Nuclear protein HMGN2 attenuates pyocyanin-induced oxidative stress via Nrf2 signaling and inhibits Pseudomonas aeruginosa internalization in A549 cells.

Pyocyanin (PCN, 1-hydroxy-5-methyl-phenazine) is one of the most essential virulence factors of Pseudomonas aeruginosa (PA) to cause various cytotoxic effects in long-term lung infectious diseases, however the early effect of this bacterial toxin during PA infection and subsequent autonomous immune response in host cells have not been fully understood yet. Our results display that early onset of PCN stimulates Pseudomonas aeruginosa PAO1 adhesion and invasion in A549 cells via ROS production. Non-histone nuclear protein HMGN2 is found to be involved in the regulation of PCN-induced oxidative stress by promoting intracellular ROS clearance. Mechanistically, HMGN2 facilitates nuclear translocation of transcription factor Nrf2 upon PCN stimulation and in turn elevates antioxidant gene expression.

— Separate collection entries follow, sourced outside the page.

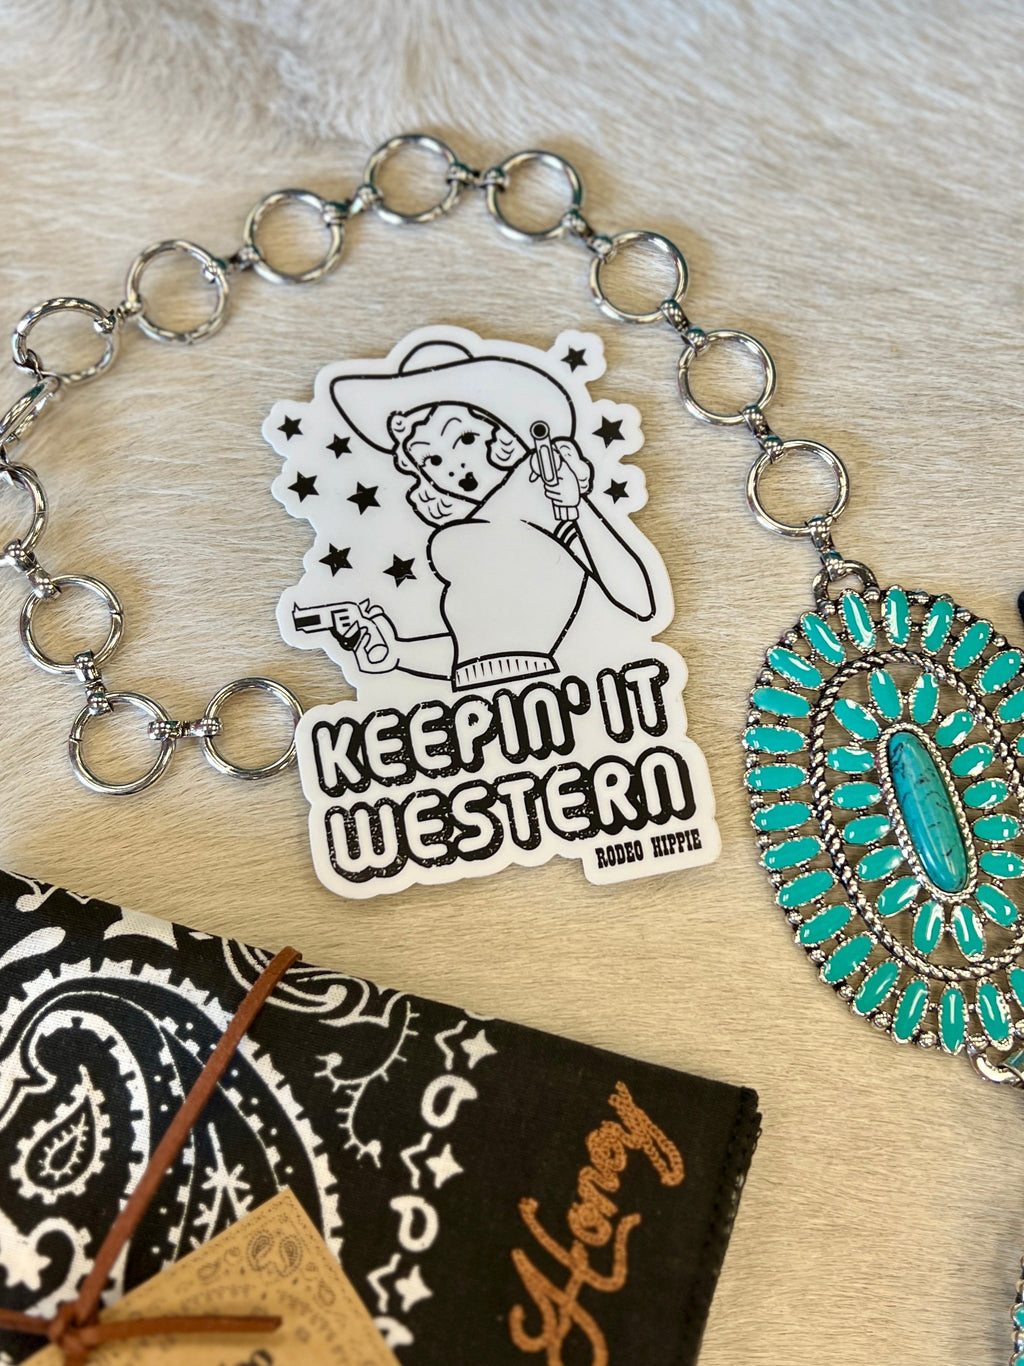 Keepin' it Western Sticker | gussieduponline
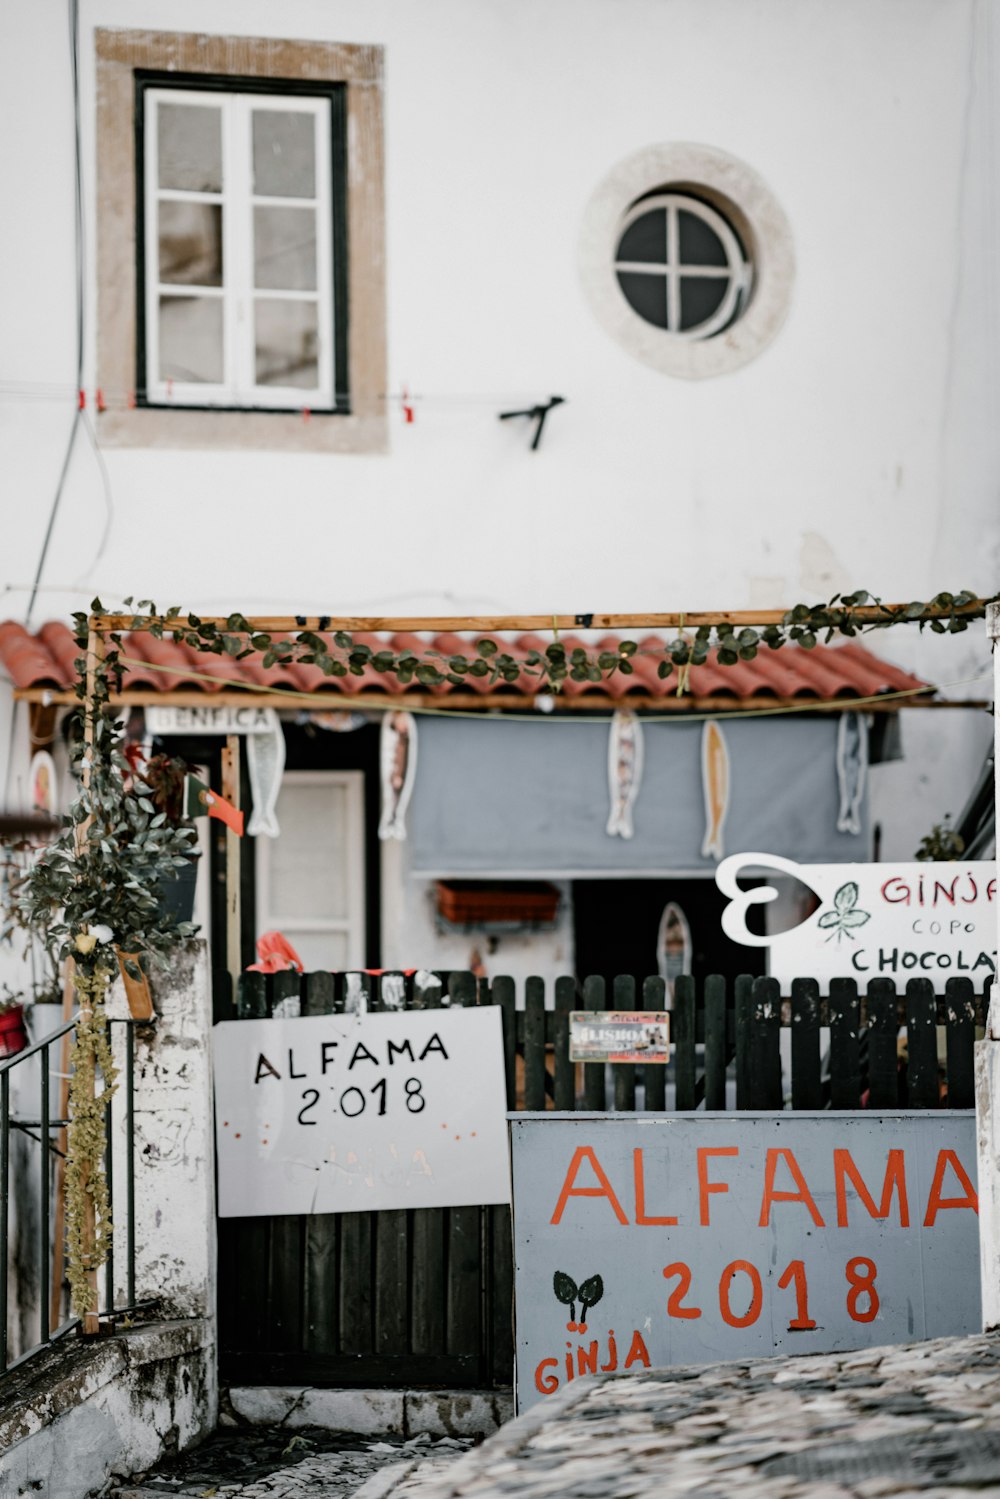 Señalización de Alfama 2018 en la puerta
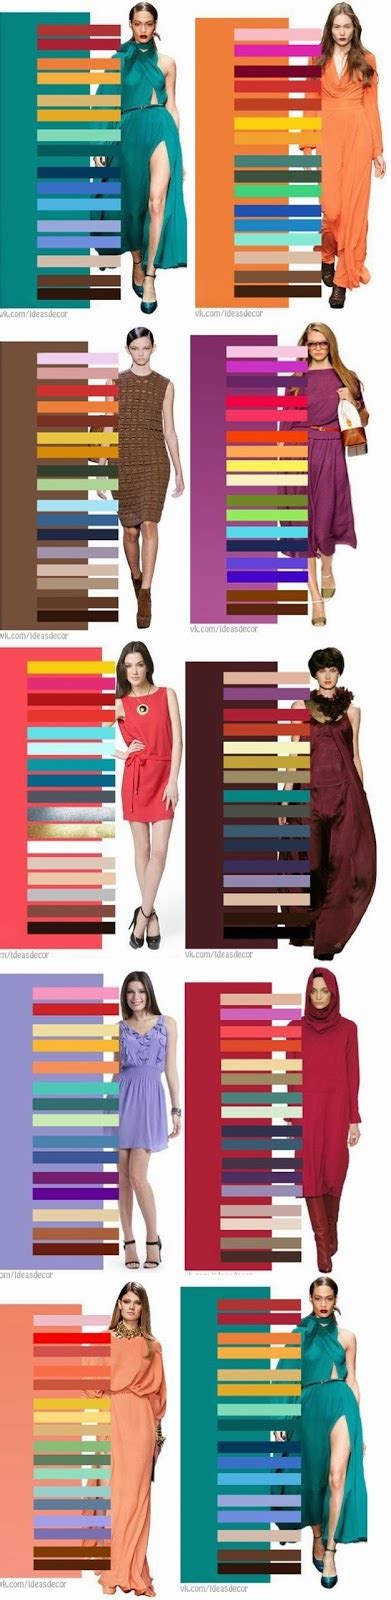 Rachel´s Fashion Room Cómo Combinar Los Colores How To Combine Colors
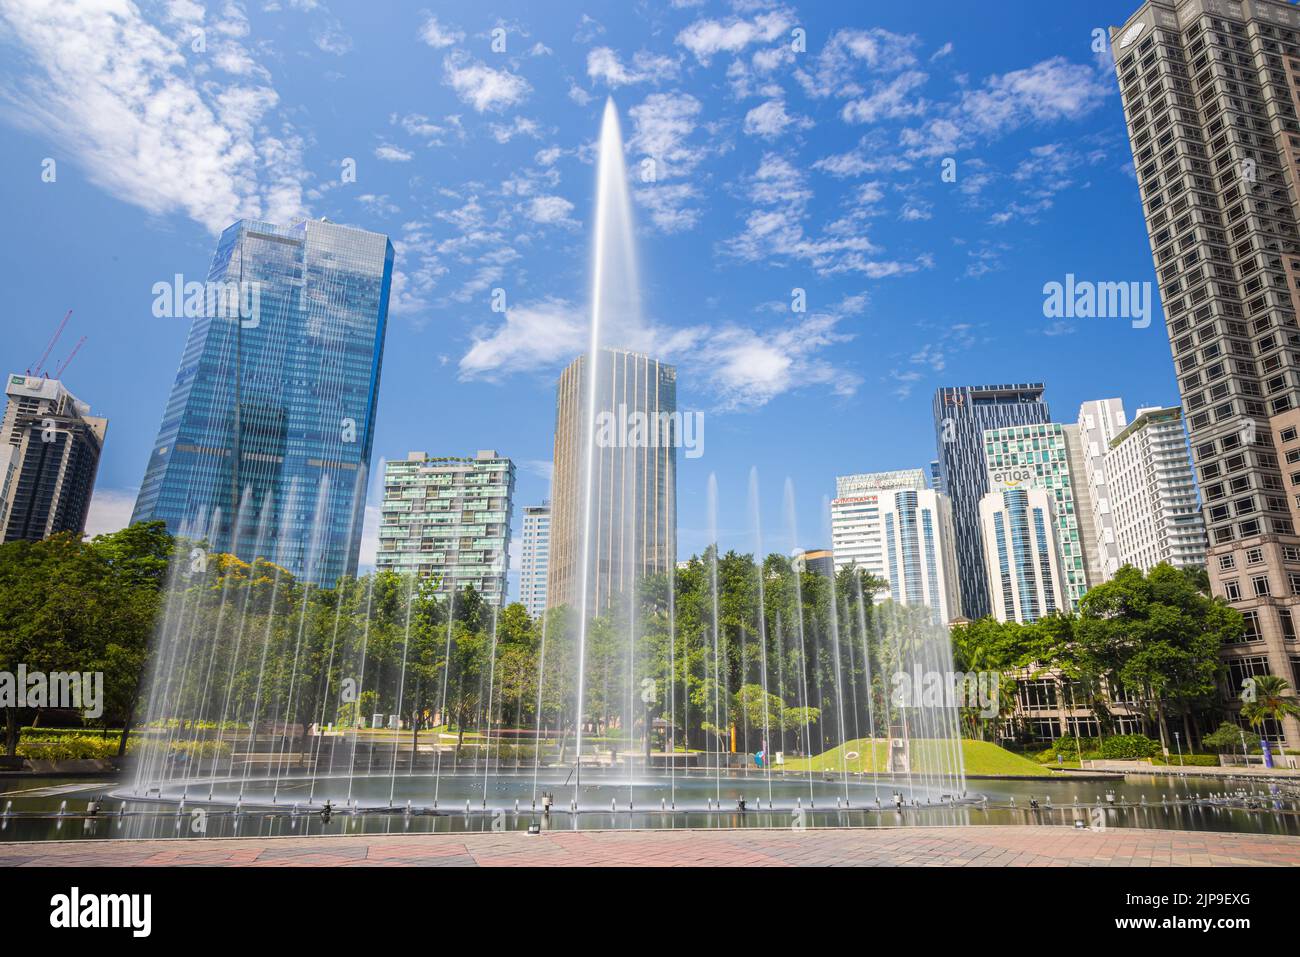 Kuala Lumpur, Malaisie - 13 août 2022: Le parc KLCC avec le spectacle de la fontaine en face des tours Petronas. Exposition longue avec de l'eau soyeuse j Banque D'Images
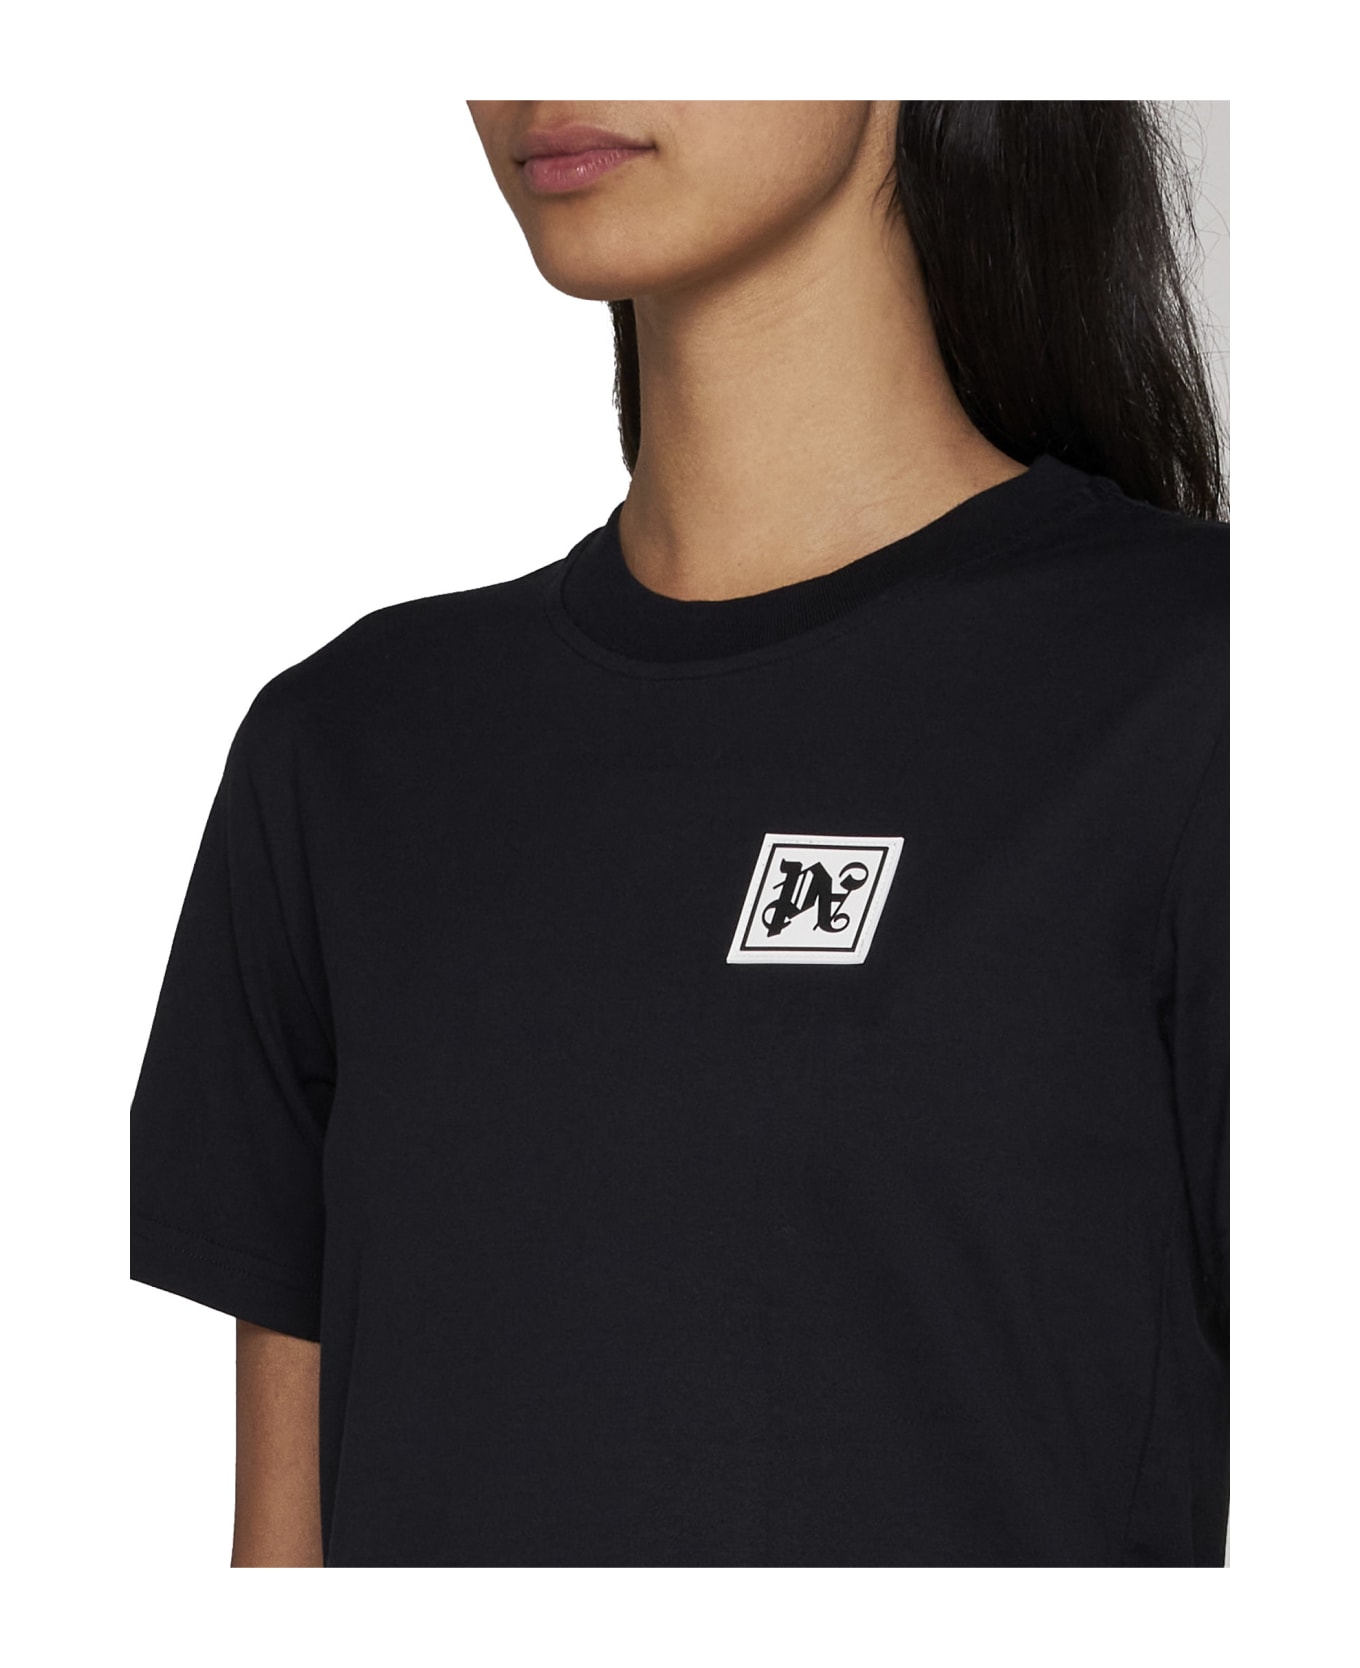 Palm Angels Ski Club T-shirt - BLACK WHITE (Black)
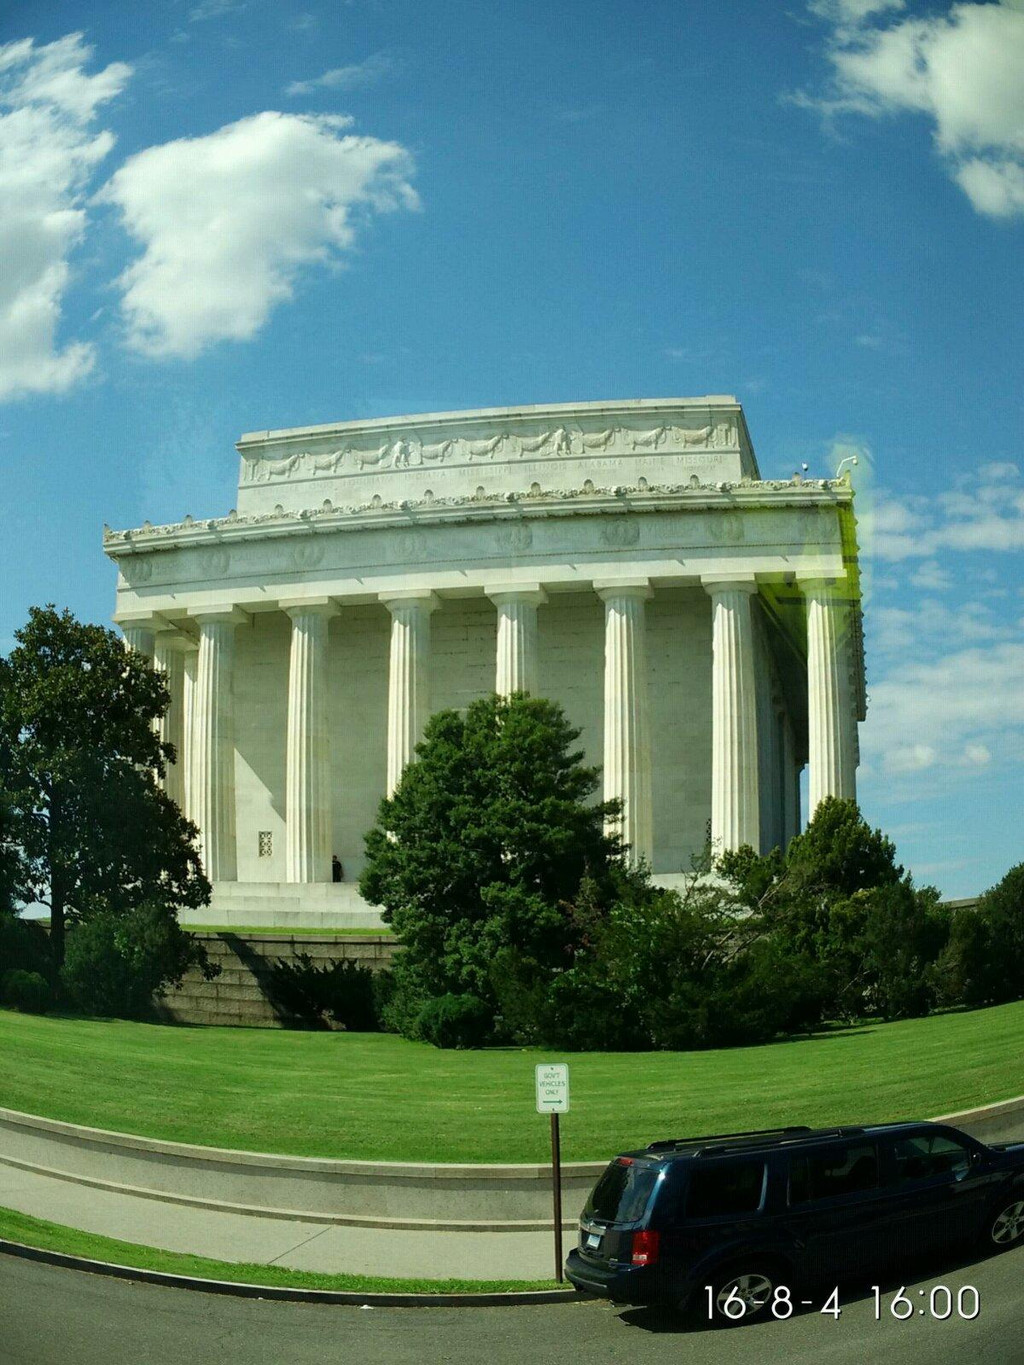 的塑像及华盛顿市标志,为纪念美国第十六届总统亚伯拉罕·林肯而建
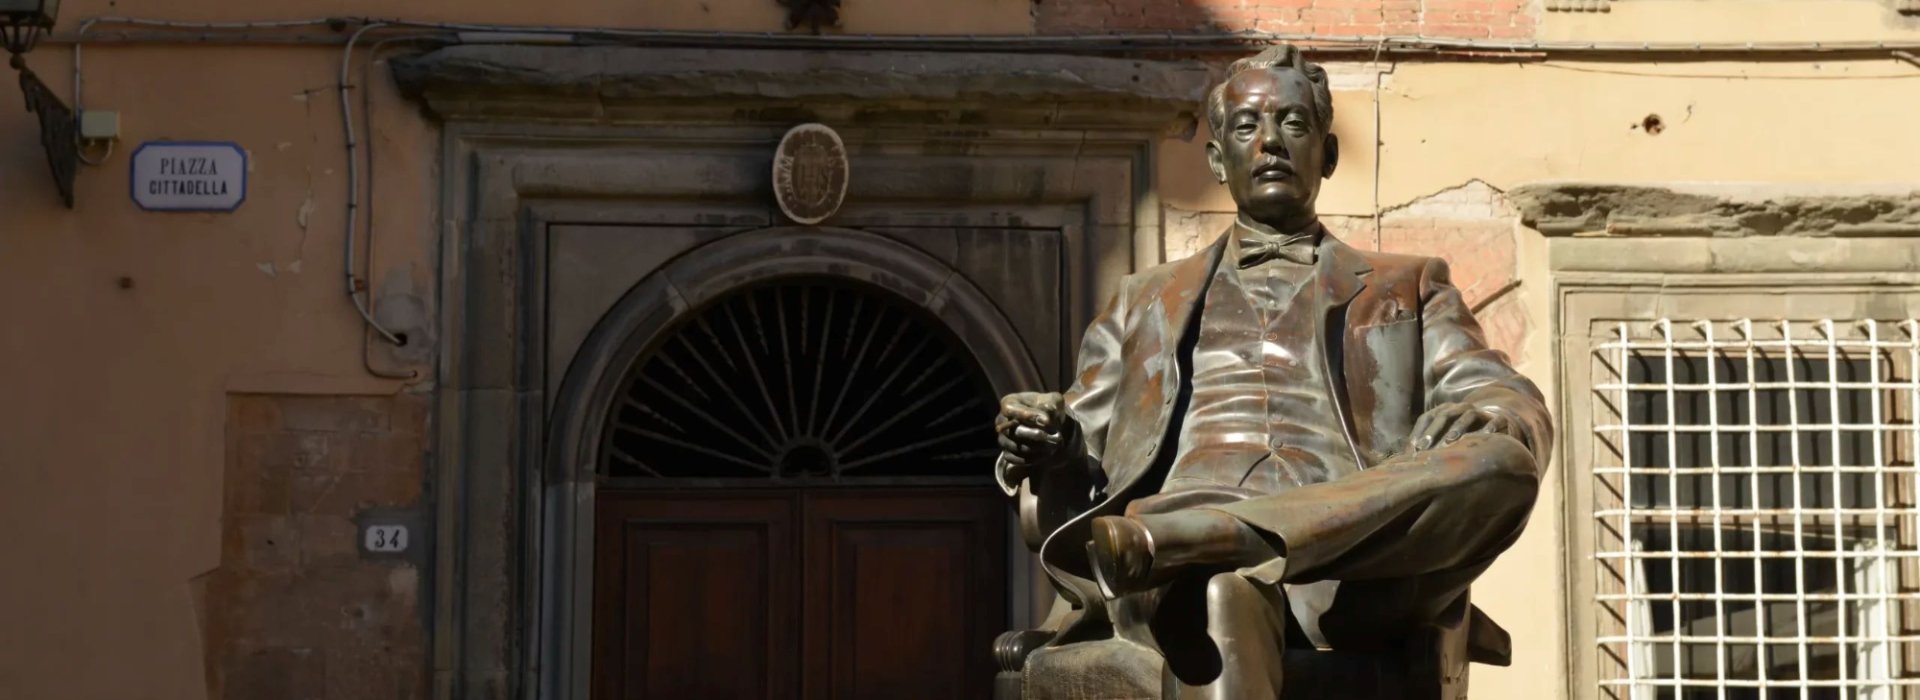 Un tour della città di Lucca nei luoghi cari al maestro Giacomo Puccini

We also found that actin cytoskeleton dynamics is targeted by ROS, which is to be exploited by PAO1 for host cell internalization. HMGN2 regulates actin skeleton rearrangement in both PCN-dependent and independent manners and specifically attenuates PCN-mediated PAO1 infection via ROS elimination. These results uncover a novel link between nuclear protein HMGN2 and Nrf2-mediated cellular redox circumstance and suggest roles of HMGN2 in autonomous immune response to PA infection.